The whole theory that saturated fats from animals cause heart disease by upping cholesterol is as full of holes as a Swiss cheese.
It always has been, we can now see. Right from the start, in the 1950s, those laying the blame on diet for the epidemic of heart disease got it wrong.
The scientist who championed the fat theory, Ancel Keys, was a political bully who ostracized and silenced his critics, while basing his argument on a flawed study of seven selected countries, which left out countries such as France that inconveniently had high-fat diets and low levels of heart disease.
Even then, his results only produced a weak correlation.
Journalist Nina Teicholz, in her book The Big Fat Surprise, documents how the anti-fat fanatics reviewed each other’s papers, funded each other’s projects and drove the doubters out of dietary science.
The vegetable oil industry poured money into the American Heart Association, which became a powerful lobby for the message that saturated fats were bad. The American government first issued low-fat diet guidelines in 1978 and Britain soon followed suit.
Heart disease has declined but that’s largely because of the decline in smoking. Meanwhile, obesity and diabetes increased, largely because we switched to eating more carbohydrates, especially sugar, which make us hungrier.
Lately, scientists are performing a screeching U-turn on dietary advice, away from demonizing fats and towards demonizing carbohydrates. In the case of obesity, they cannot quite bring themselves to admit it. They want to tell us not to eat sugars, yet they won’t exonerate fat.

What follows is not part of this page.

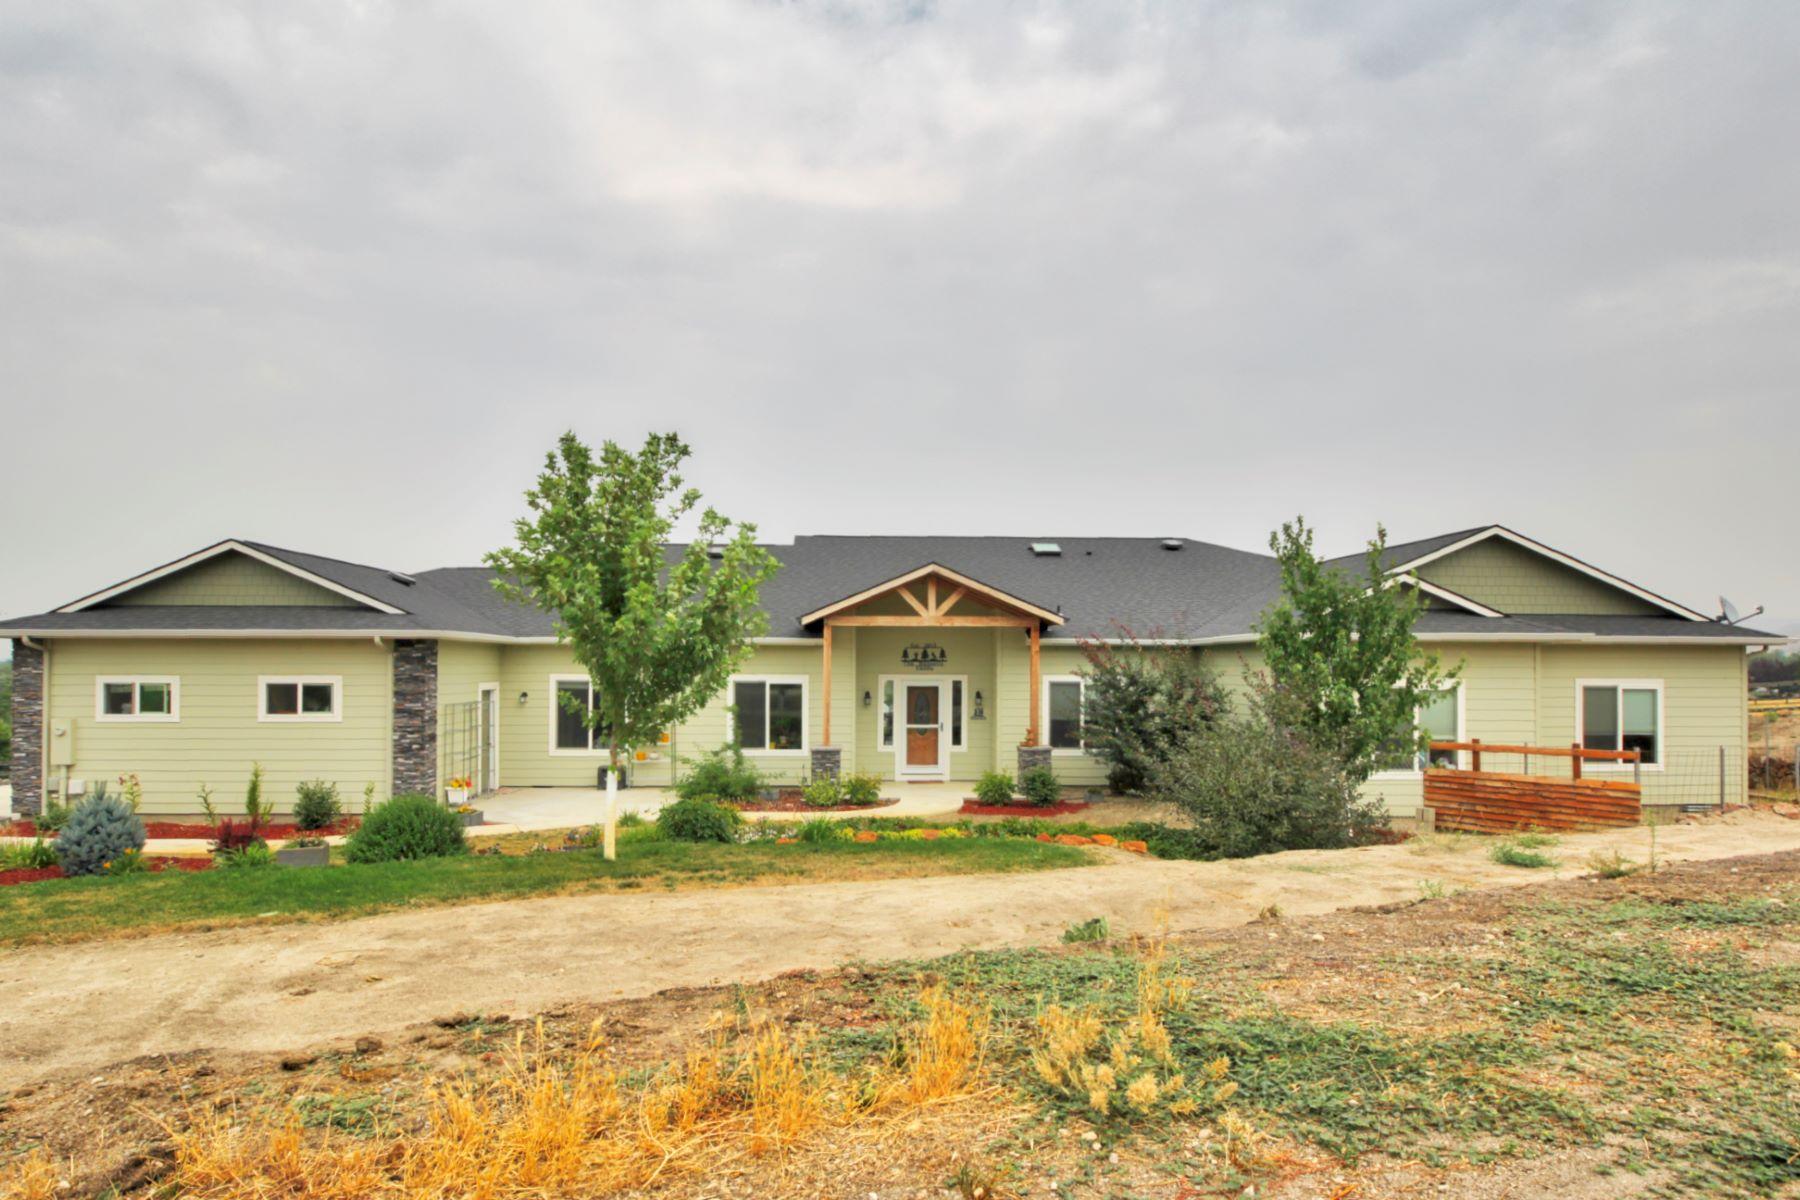 Частный односемейный дом для того Продажа на 4200 Rocky Point Lane, Emmett 4200 Rocky Point Ln Emmett, Айдахо, 83617 Соединенные Штаты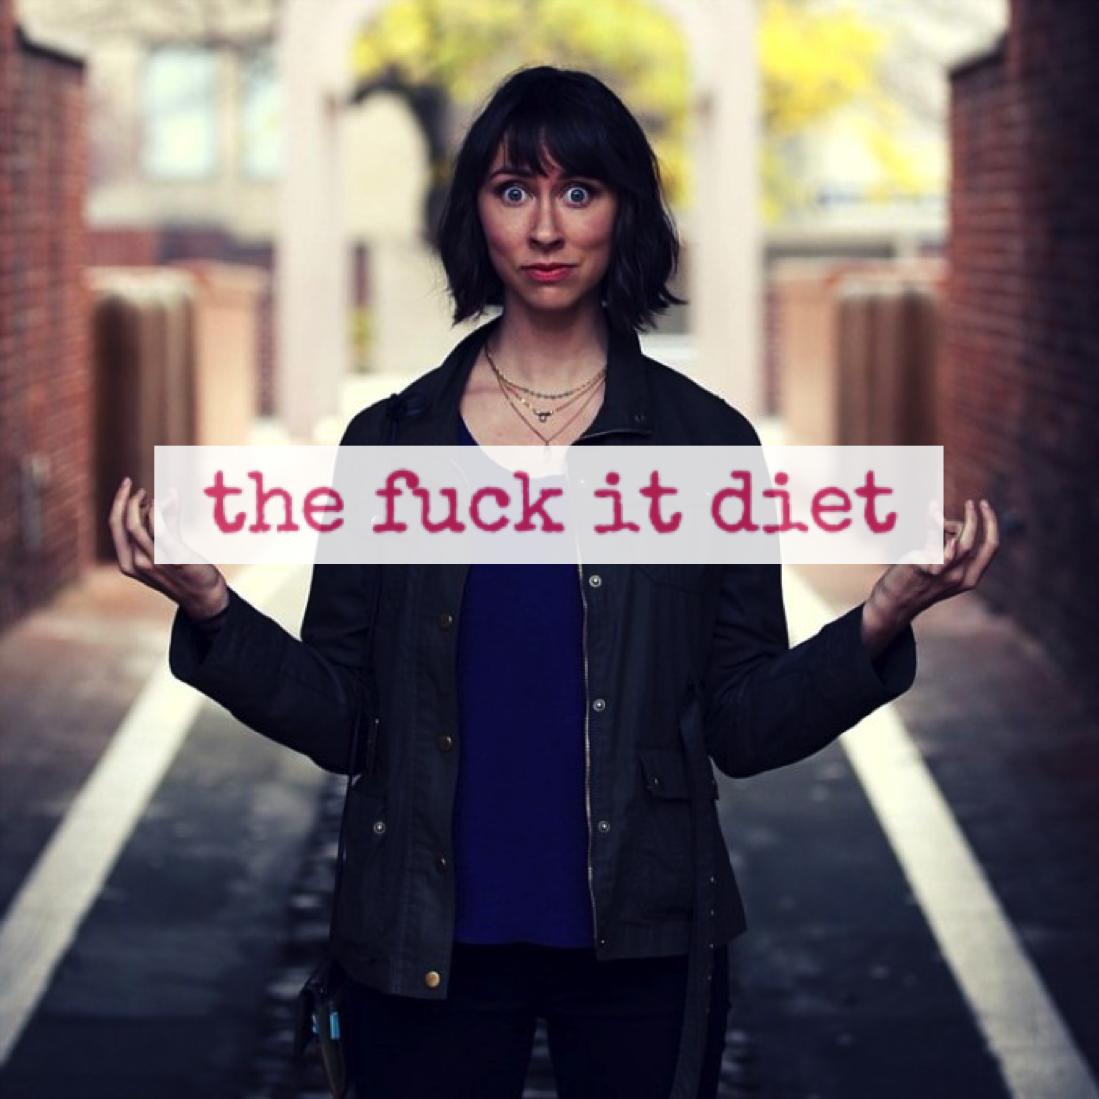 La dieta delle diete. Mangiare di tutto e godersi la vita

This is typical in science. When paradigms break, you rarely hear scientists say: “We were wrong.” They tiptoe away from their previous position, while politicking and jealousy keeps heretic researchers off the key committees.
This is overtly true in the world of dietary science, where Teicholz and diet critic Gary Taubes are still treated as pariahs, even as more and more scientists quietly adopt their position.
This month, Teicholz was disinvited at the insistence of fellow speakers from a slot speaking at America’s National Food Policy conference. They don’t want her argument heard that too many scientific findings are being systematically ignored in the US Dietary Guidelines, which still recommend replacing fat with carbohydrates.
In the science behind food advice it is mad simply to put both sugar and fat in the “bad” category. The shelves of supermarkets are still groaning with low-fat foods; the websites of diet preachers are still calling for people to eat less saturated fat as well as less sugar. Fast food, so hated by the kale-and-quinoa crowd, is often described as full of “fat and sugar.”
Yet the science is now crystal clear that eating lots of fat is actually less likely to make you fat than eating lots of carbohydrates. There is a good physiological reason for this.
The pancreas reacts to high levels of glucose in the blood by secreting more insulin to regulate the blood glucose level. Insulin encourages the body to burn sugar rather than fat for energy. But insulin also orders fat cells to accumulate fat (made from sugar in the liver) for later use. So the more sugar you eat, the more fat gets laid down and the less gets burnt off.
So the anti-fat message remains entrenched. The World Health Organization still tells us to “shift fat consumption away from saturated fats to unsaturated fats.” In New York, Nina reports that children are not even allowed to bring full-fat milk to school.
The American Heart Association still insists on claiming that “eating foods containing saturated fats…(will) increase your risk of heart disease and stroke.”
The AMA is wrong. It has been paid by the vegetable oil industry for decades to say this. Eat butter if you want to. Just lay off the carbs.